Then you need to install Git-LFS. Uncomment the following instructions:

In [None]:
# !apt install git-lfs

Make sure your version of Transformers is at least 4.11.0 since the functionality was introduced in that version:

In [None]:
import transformers

print(transformers.__version__)

You can find a script version of this notebook to fine-tune your model in a distributed fashion using multiple GPUs or TPUs [here](https://github.com/huggingface/transformers/tree/master/examples/text-classification).

# Fine-tuning a model on a text classification task

## Loading the dataset

We will use the [🤗 Datasets](https://github.com/huggingface/datasets) library to create the Dataset object needed for the fine-tuning 

In [5]:
from datasets import load_dataset, Dataset, DatasetDict

The next cell loads the Dataset object from the CSV we have generated. The name of the files is specified in the code, just indicate the rout where they are. 

In order to define the labels for the model we have to define the seven classes of temporal relations as a Features object. 
Then the load_dataset() method will pair the values we have defined with the values on the CSVs.

As we have two datasets avaliable, it´s necessary to determine which one to use.

In [None]:
from datasets import Sequence, ClassLabel, Features, Value
from datasets import load_dataset, load_metric, Dataset, DatasetDict
class_names = ['NO', 'BEFORE', 'SIMULTANEOUS', 'CONTAINS', 'OVERLAP', 'ENDS-ON', 'BEGINS-ON']

event_features = Features({'file': Value('string'), 'sentence': Value('string'), 'type': Value('string'), 'labels': ClassLabel(num_classes=7, names=class_names)})

#Load line for dataset 1
#dataset_csv = load_dataset("csv", data_files={'train':'dataset_link_train.csv', 'test':'dataset_link_test.csv', 'dev':'dataset_link_dev.csv'}, features = event_features)

#Load line for dataset 2
#dataset_csv = load_dataset("csv", data_files={'train':'dataset_link_train_DOS.csv', 'test':'dataset_link_test_DOS.csv', 'dev':'dataset_link_dev_DOS.csv'}, features = event_features)

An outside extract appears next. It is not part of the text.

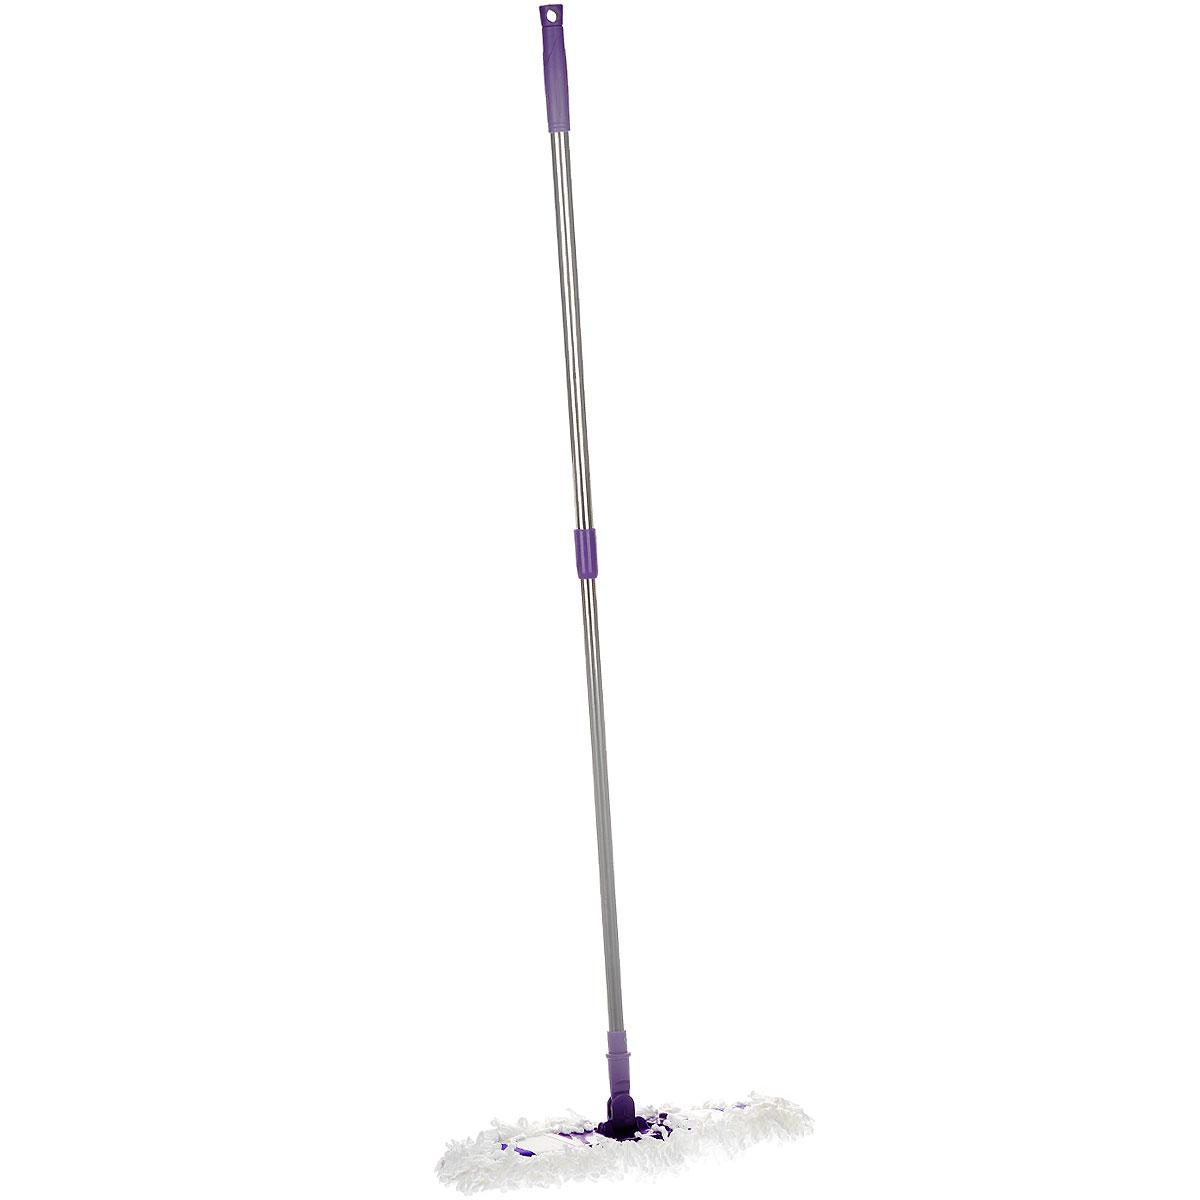 Швабра Фэйт Флаундер-4, с телескопической ручкой и сменной насадкой, цвет: сиреневый, 70-125 см68961_сиреневыйШвабра Фэйт Флаундер-4 предназначена для сухой и влажной уборки в доме. Сменная насадка выполнена из микрофибры, которая впитывает воду и грязь подобно губке. Такая насадка позволит вам использовать во время уборки меньшее количество чистящих средств. Она подходит для всех видов гладких полов из плитки, паркета, ламината и камня. Швабра оснащена удобной металлической телескопической ручкой с подвижной частью и фиксацией, которая позволяет использовать ее в труднодоступных местах. На конце ручки имеется специальная петля, благодаря которой швабру можно подвесить в любом удобном месте. Платформа швабры выполнена из высокопрочного пластика. Платформа может двигаться под любым углом, на любой плоскости. Подвижная платформа позволяет вымыть полы, не отодвигая крупногабаритную мебель, протереть стены от пыли за шкафами. Также такой шваброй очень удобно и легко протирать потолки. Длина ручки: 70-125 см. Размер рабочей части: 40 см х 12 см.

For checking that the dataset features are loaded correctly we can run the next cell

In [None]:
print(dataset_csv['dev'].features)

{'file': Value(dtype='string', id=None), 'sentence': Value(dtype='string', id=None), 'type': Value(dtype='string', id=None), 'labels': ClassLabel(num_classes=7, names=['NO', 'BEFORE', 'SIMULTANEOUS', 'CONTAINS', 'OVERLAP', 'ENDS-ON', 'BEGINS-ON'], id=None)}


To get a sense of what the data looks like, the following function will show some examples picked randomly in the dataset.

In [None]:
import datasets
import random
import pandas as pd
from IPython.display import display, HTML

def show_random_elements(dataset, num_examples=10):
    assert num_examples <= len(dataset), "Can't pick more elements than there are in the dataset."
    picks = []
    for _ in range(num_examples):
        pick = random.randint(0, len(dataset)-1)
        while pick in picks:
            pick = random.randint(0, len(dataset)-1)
        picks.append(pick)
    
    df = pd.DataFrame(dataset[picks])
    for column, typ in dataset.features.items():
        if isinstance(typ, datasets.ClassLabel):
            df[column] = df[column].transform(lambda i: typ.names[i])
    display(HTML(df.to_html()))

In [None]:
show_random_elements(dataset_csv["train"])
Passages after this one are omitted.